Test cross-domain http networking (proxy mode)

In the edge scenario, the Intranet IP addresses of the edge devices often conflict with each other in closed Intranet environments, and the tunnel mode cannot support host communication in IP conflict scenarios.

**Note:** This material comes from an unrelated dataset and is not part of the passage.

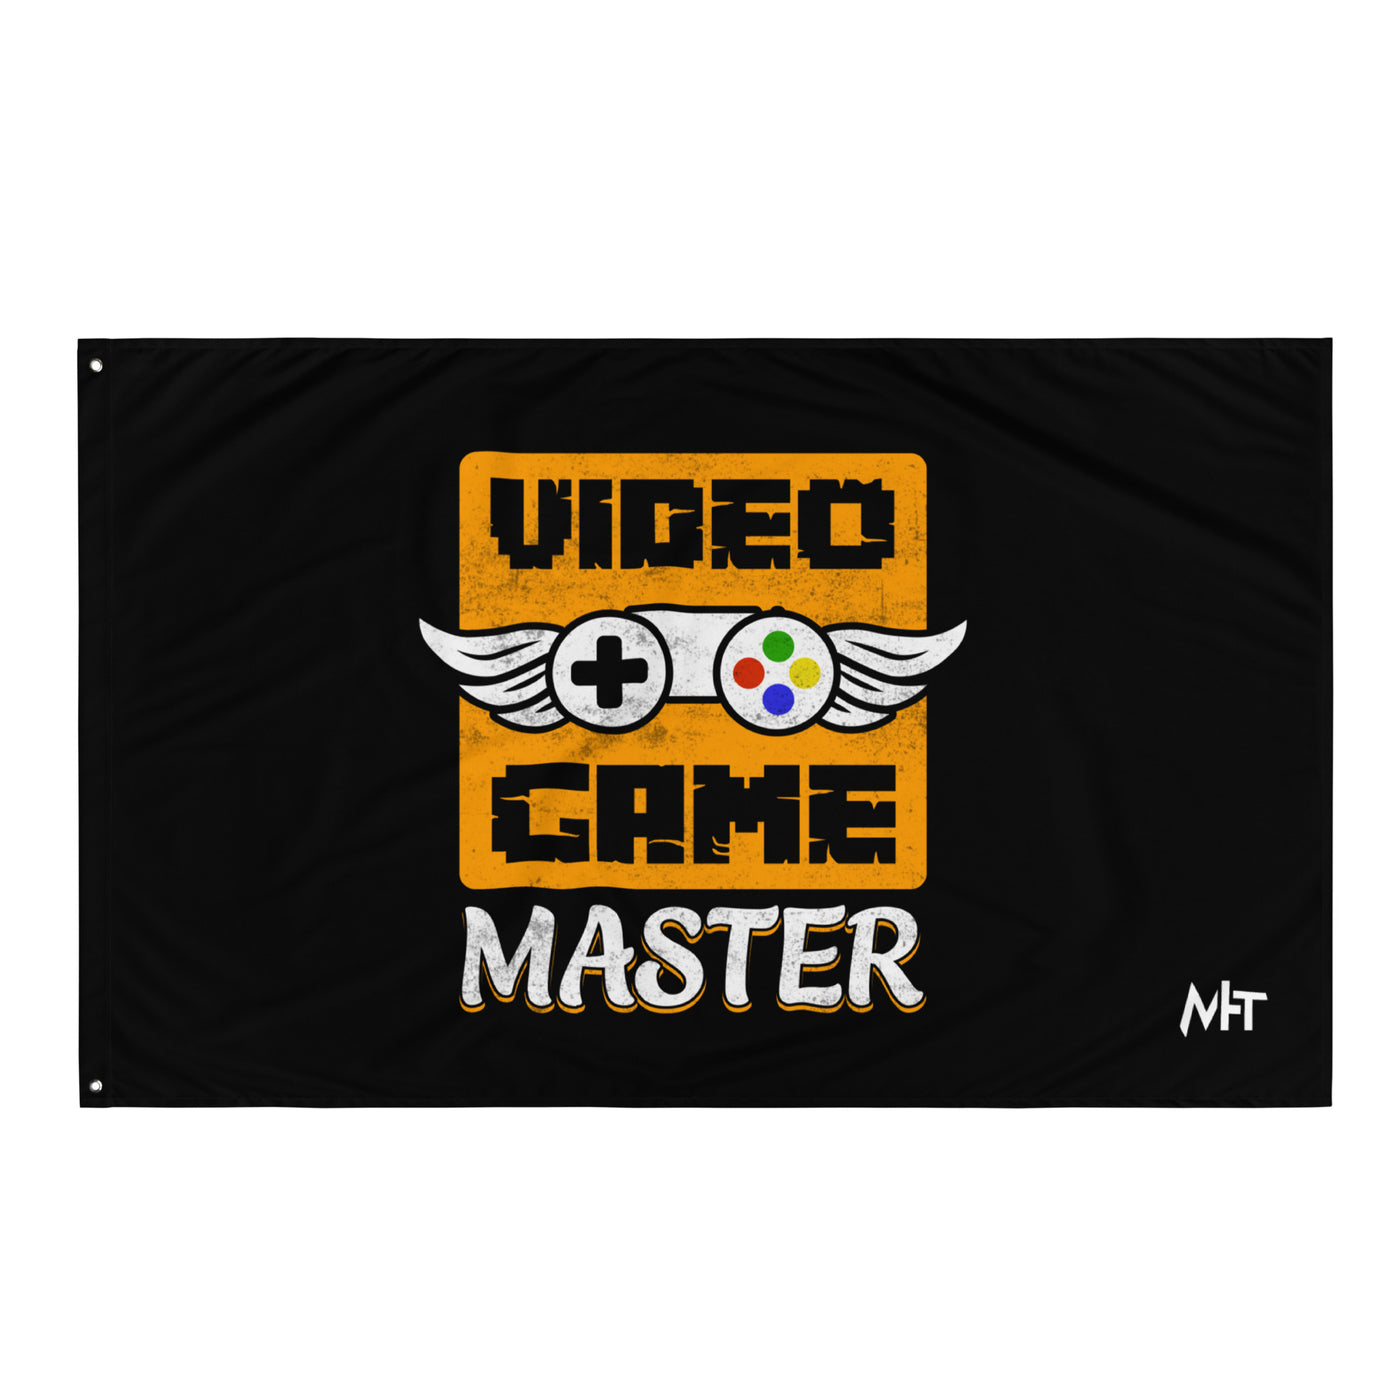 VIDEO GAME MASTER (MAHFUZ) - Flag

Therefore, the proxy mode must be enabled to support cross-domain HTTP/HTTPS requests. enable proxy model, and set enable-l7-proxy: "true"

$ kubectl get cm raven-cfg -n kube-system -o yaml
apiVersion: v1
data:
enable-l3-tunnel: "true"
enable-l7-proxy: "true"
kind: ConfigMap
metadata:
annotations:
meta.helm.sh/release-name: raven-agent
meta.helm.sh/release-namespace: kube-system
creationTimestamp: "2023-11-24T06:44:54Z"
labels:
app.kubernetes.io/managed-by: Helm
name: raven-cfg
namespace: kube-system
$ kubectl exec -it busy-box-6f46f8585b-48zb9 -- sh
echo hello word
hello word

Other Features:

By default, raven uses IPSec as the VPN back end, and we also provide WireGuard as an alternative. You can do the following to switch to the WireGuard back end.

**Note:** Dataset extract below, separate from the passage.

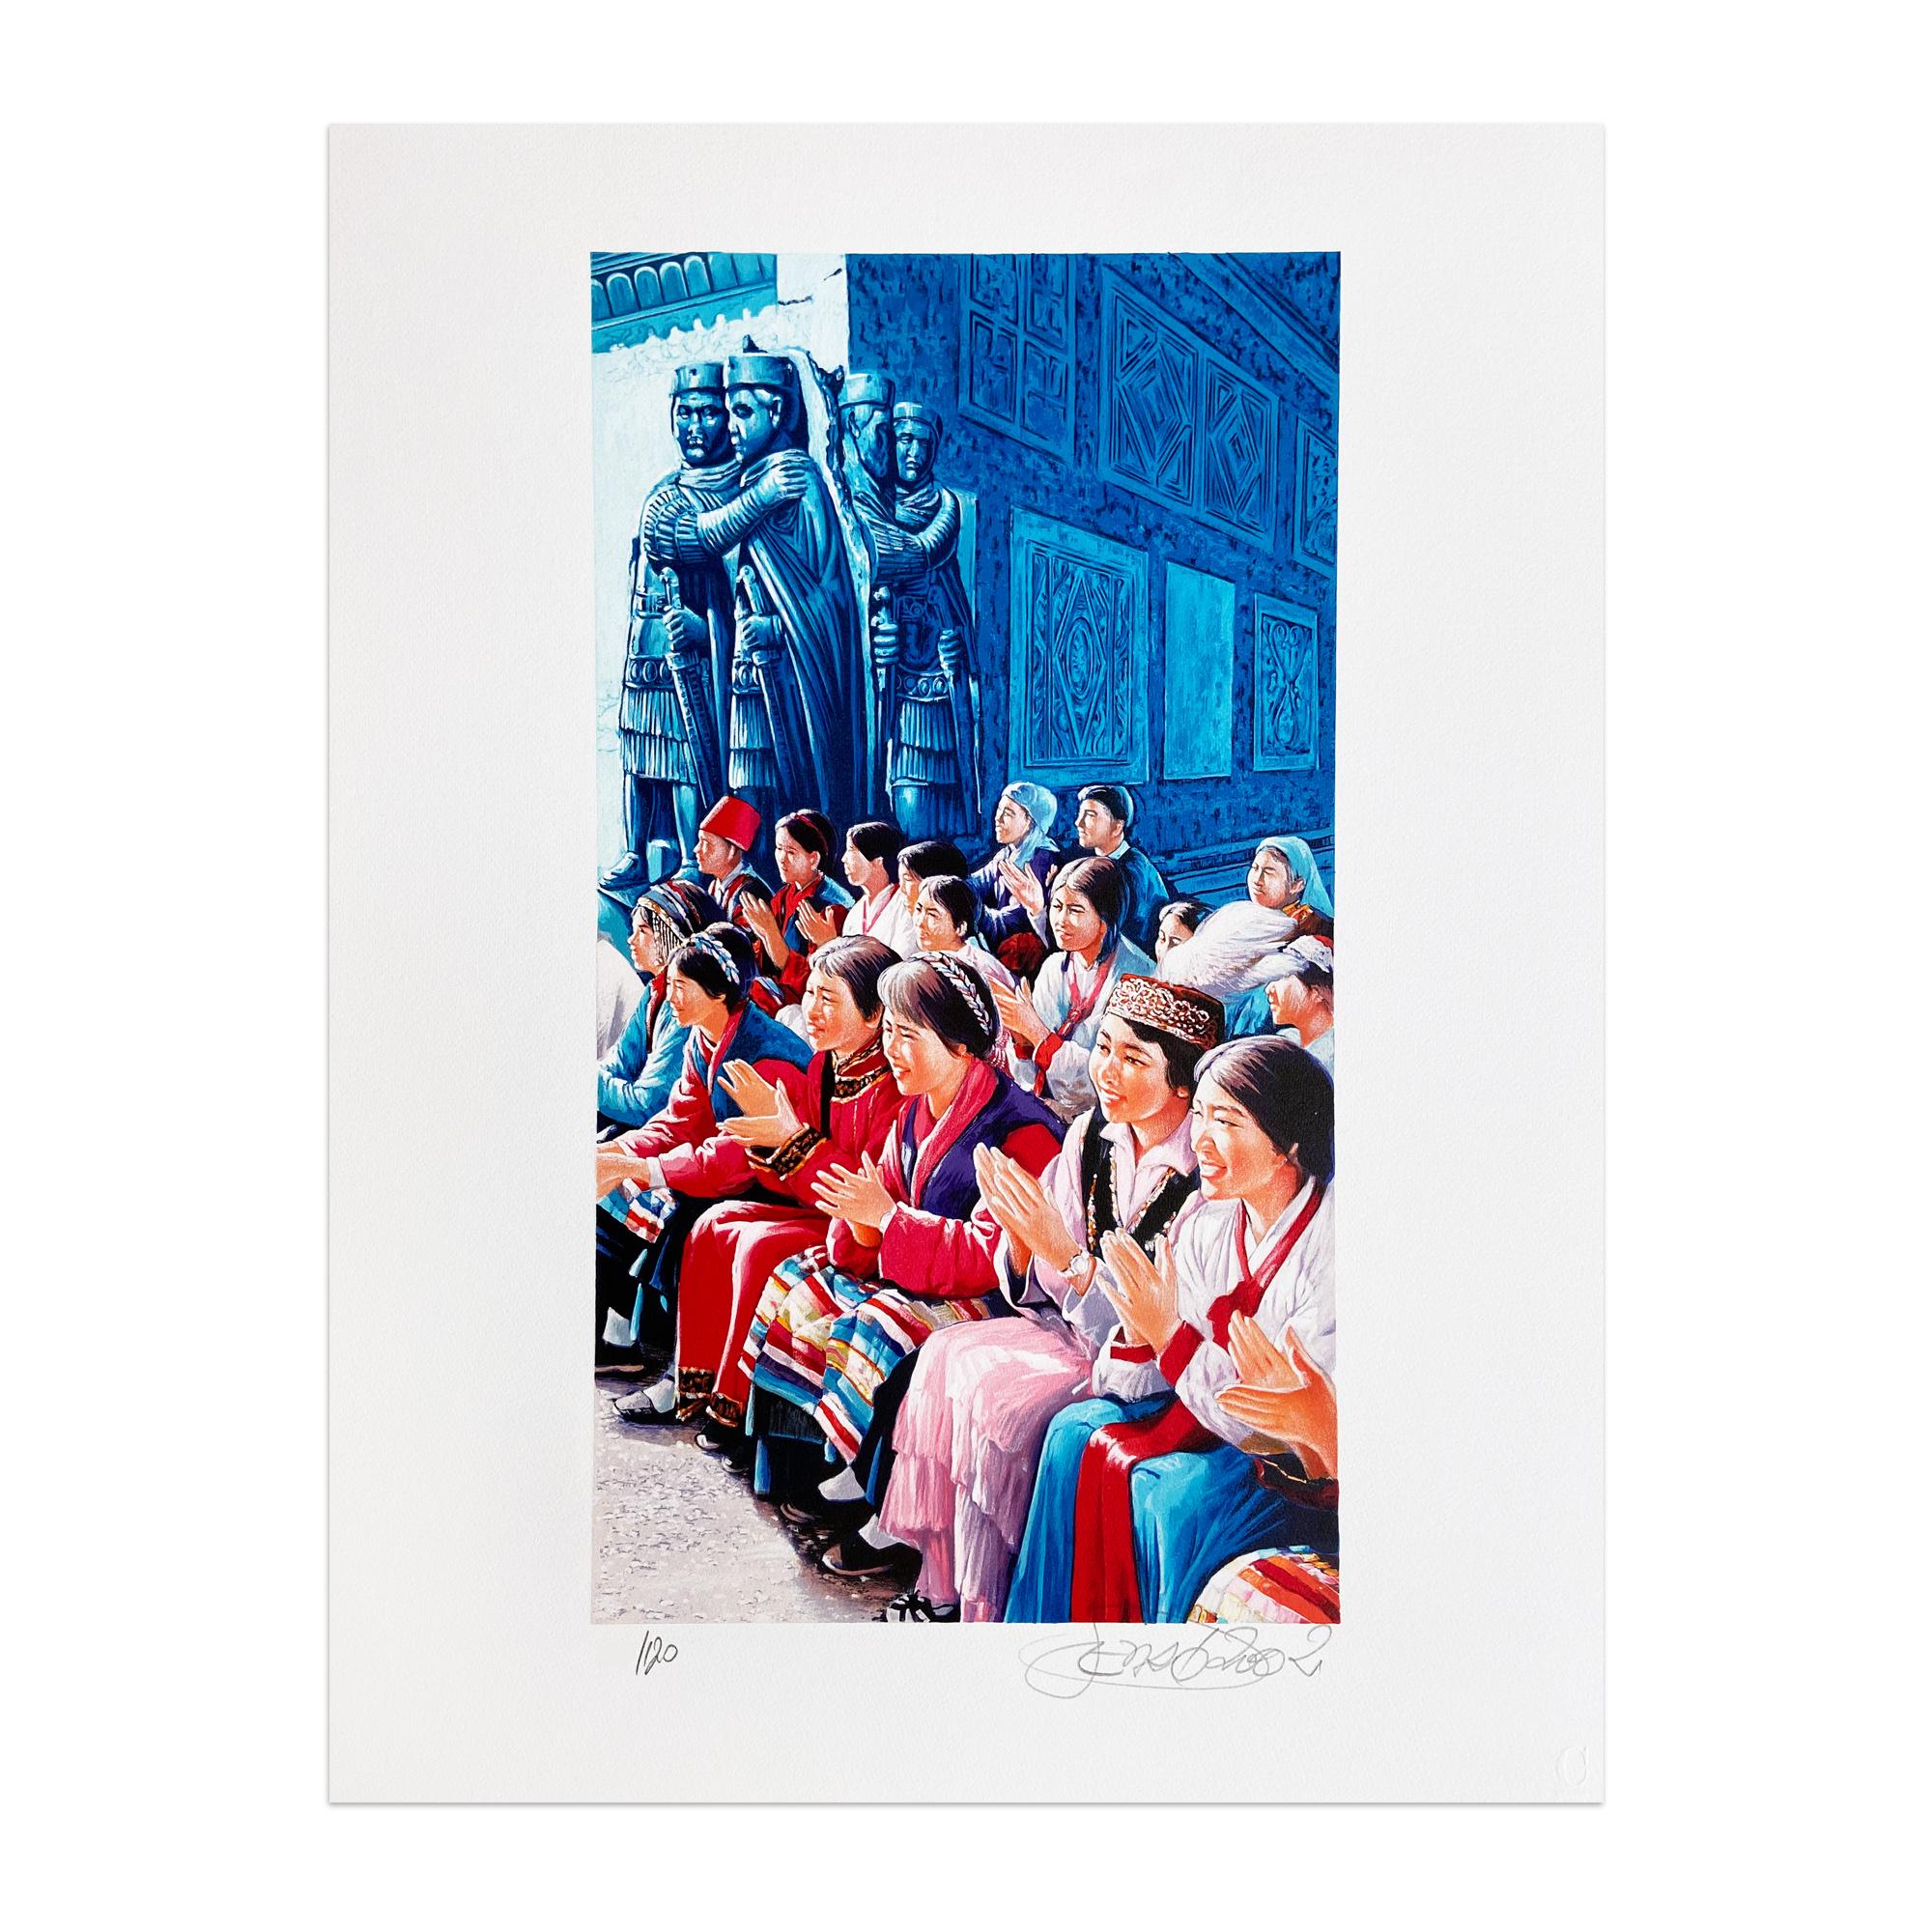 Erró, L'ultima visita di Mao a Venezia - Portfolio mit 12 signierten Drucken, Pop Art 3

  • Raven requires the WireGuard kernel module to be loaded on the gateway node in the cluster. As of Linux 5.6, the kernel includes WireGuard in-tree; Linux distributions with older kernels will need WireGuard installed. For most Linux distributions, this can be done using the system package manager. For more information, see Installing WireGuard.
    • The gateway node will require an open UDP port to communicate. By default, the WireGuard uses UDP port 51820. Run the following command.
      cd raven
      git checkout v0.4.1
      VPN_DRIVER=wireguard make deploy

Using VPN Tunnel

If using an IPSec tunnel (implemented via libreswan) as the backend, you can enter the raven agent container and check the relevant status by using the command ipsec status/look or /usr/libexec/ipsec status/look. Additionally, make appropriate use of the ipsec tool to troubleshoot related issues. If using a Wireguard tunnel as the backend implementation for the VPN, you can enter the raven agent container, install the wireguard-tools tool, and refer to the tool's instructions to troubleshoot related issues. Raven relies entirely on open-source IPSec and Wireguard tools without any customization. You can refer to open-source communities and related technical blogs to resolve everyday issues.